The Washington Post reported that it would probably start charging online readers for access to newspapers articles, probably by the middle of next year. The plan would be similar to the model used by The New York Times, in that readers would only be blocked once they had surpassed a certain number of articles or multimedia features a month. Home subscribers to the print edition would have unfettered access to The Post’s Web site and other digital products. The Post credited a report by The Wall Street Journal, which broke the news.
The Securities and Exchange Commission is considering taking action against Netflix and its chief executive, Reed Hastings, the company disclosed on Thursday, over a brief post he made to Facebook in July about a corporate milestone — one billion hours of video that subscribers watched the month before.
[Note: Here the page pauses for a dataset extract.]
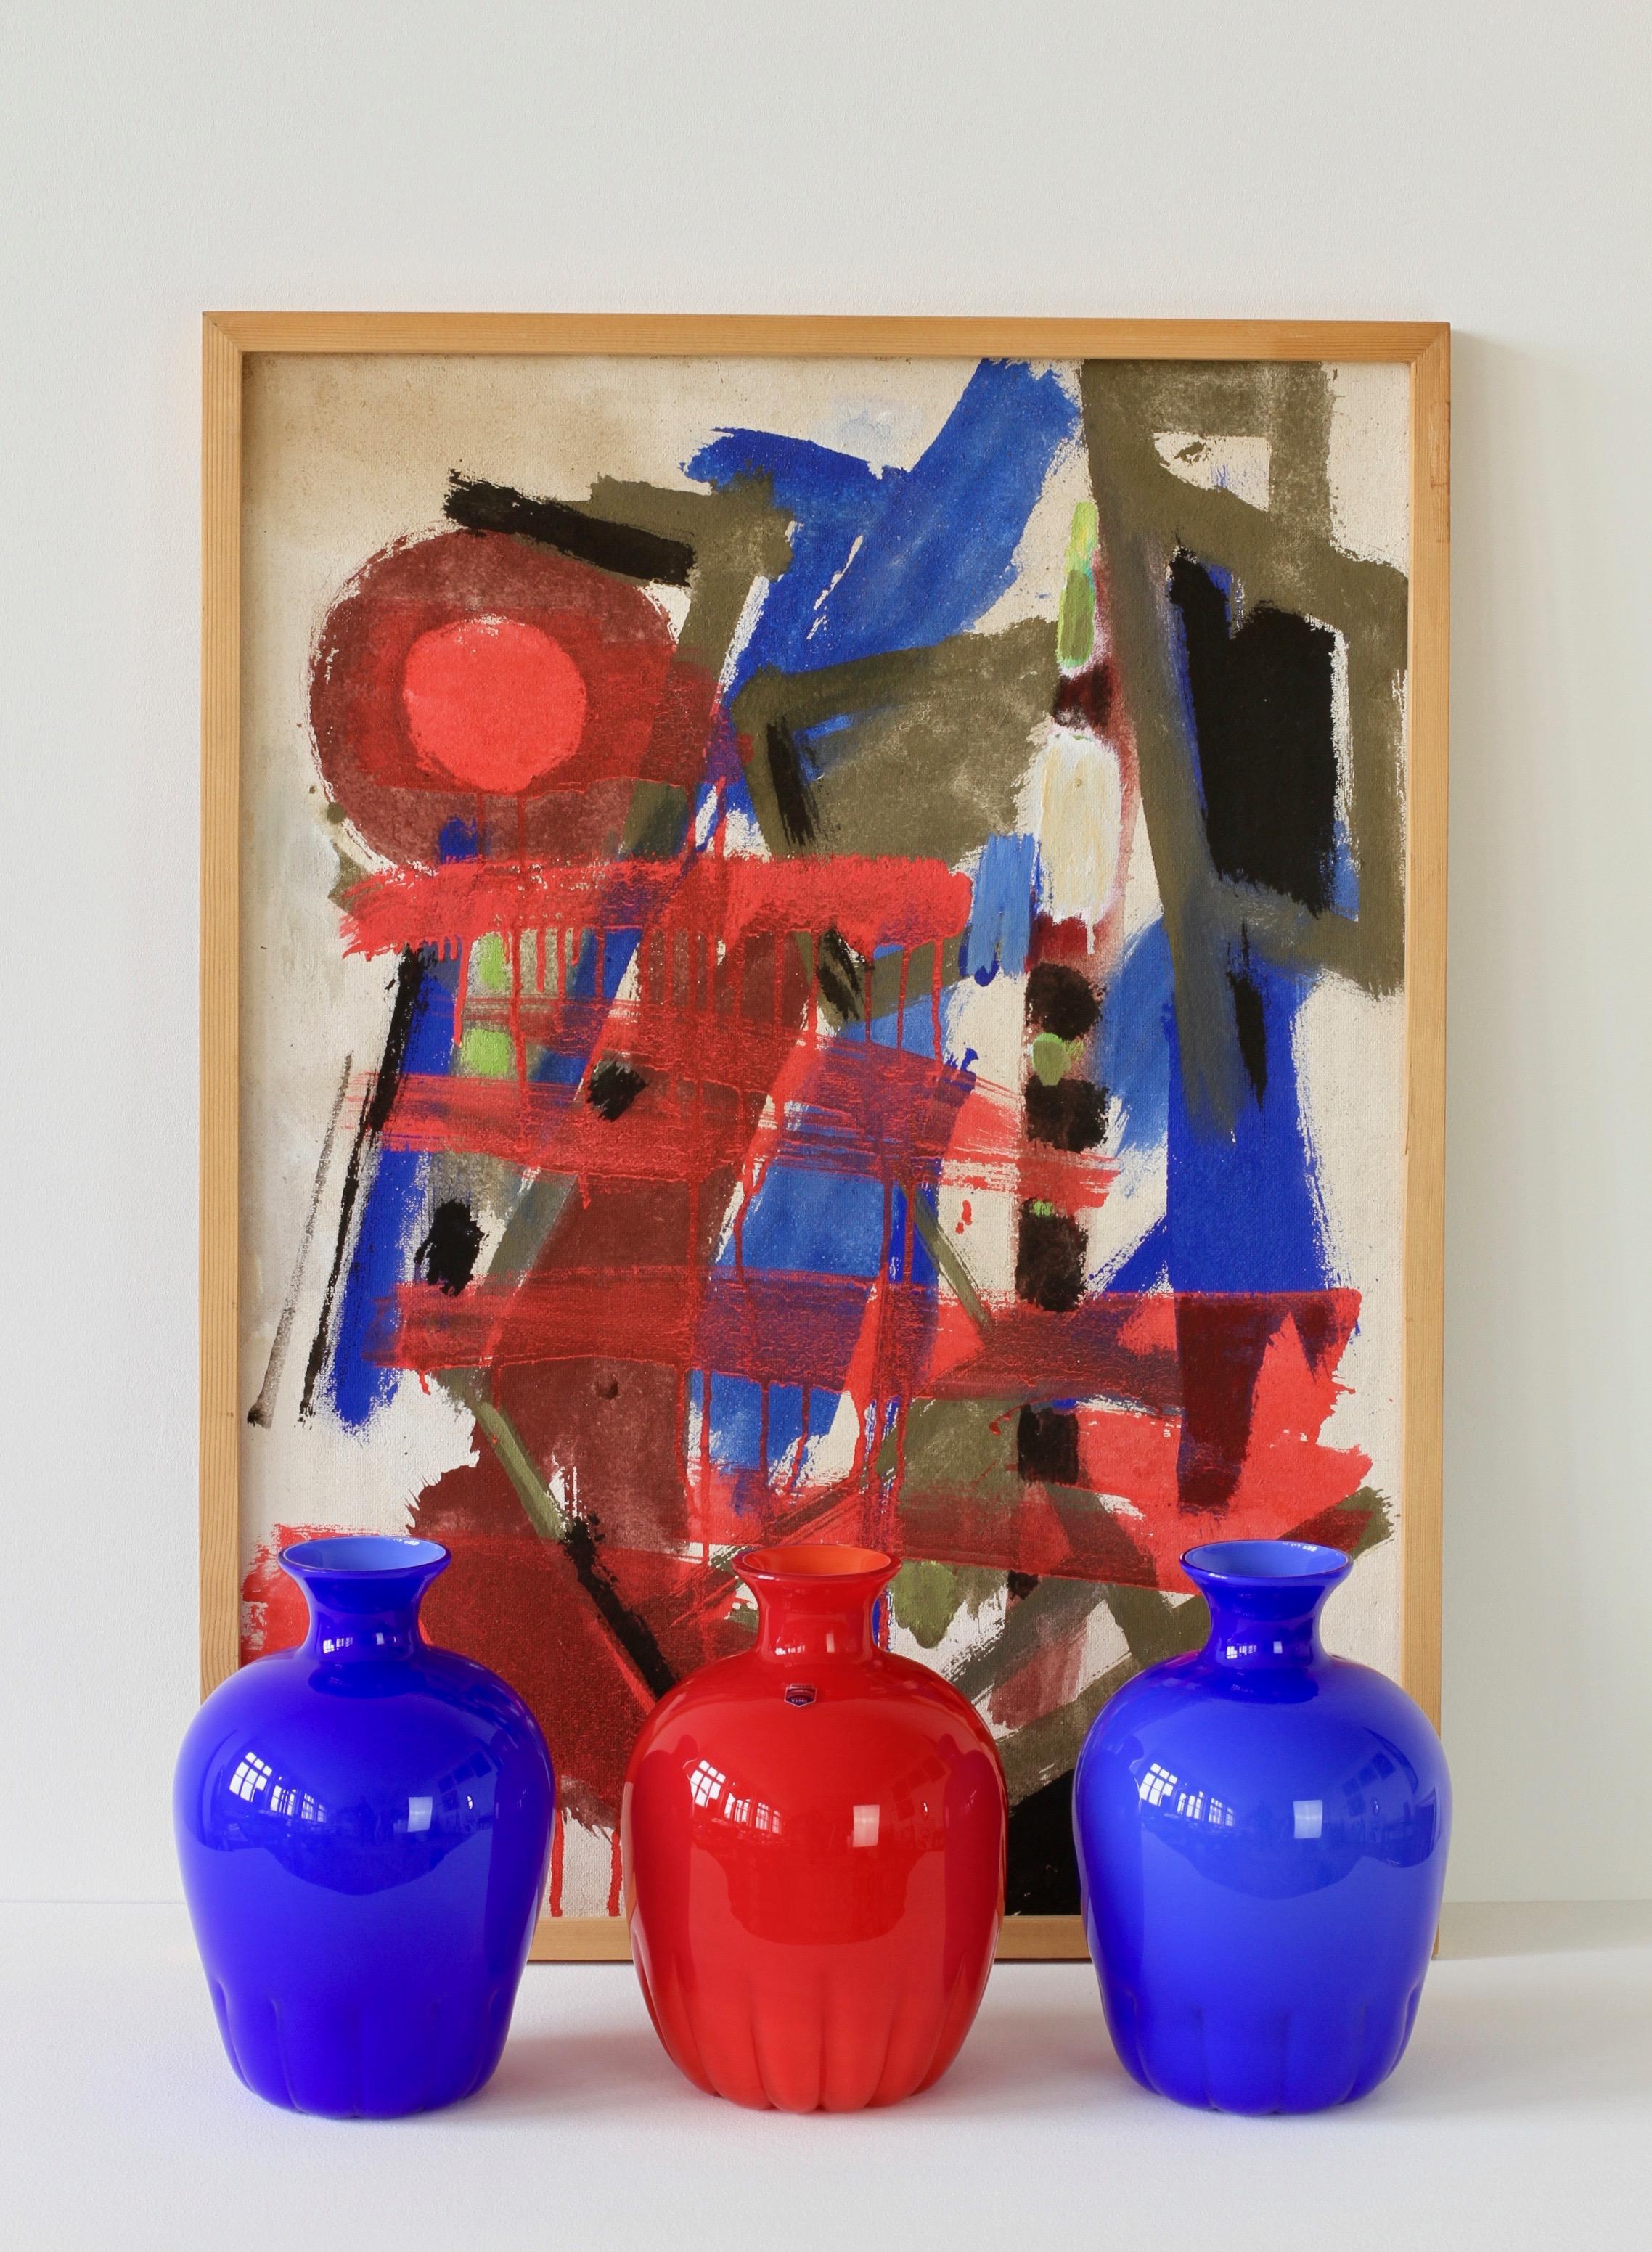 Un merveilleux ensemble de vases en verre de Murano bleu et rouge par Cenedese glass, Italie, vers les années 1990 et une peinture à l'huile moderniste abstraite informelle signée par l'artiste allemand Walter Wohlschlegel (1907-1999). Peint sur du

The agency, in a so-called Wells notice, warned that it might file civil claims or seek a cease-and-desist order, Michael de la Merced reported.
- The idea behind notice is to ensure that a company announces information that is material to its business to all investors at the same time; typically, a company uses a news release to share such information. Mr. Hastings’s main defense will probably be that the age of social media has redefined the concept of public disclosure, Mr. de la Merced writes. His Facebook feed is public, and the information reached his 200,000 followers, and then soon the news media.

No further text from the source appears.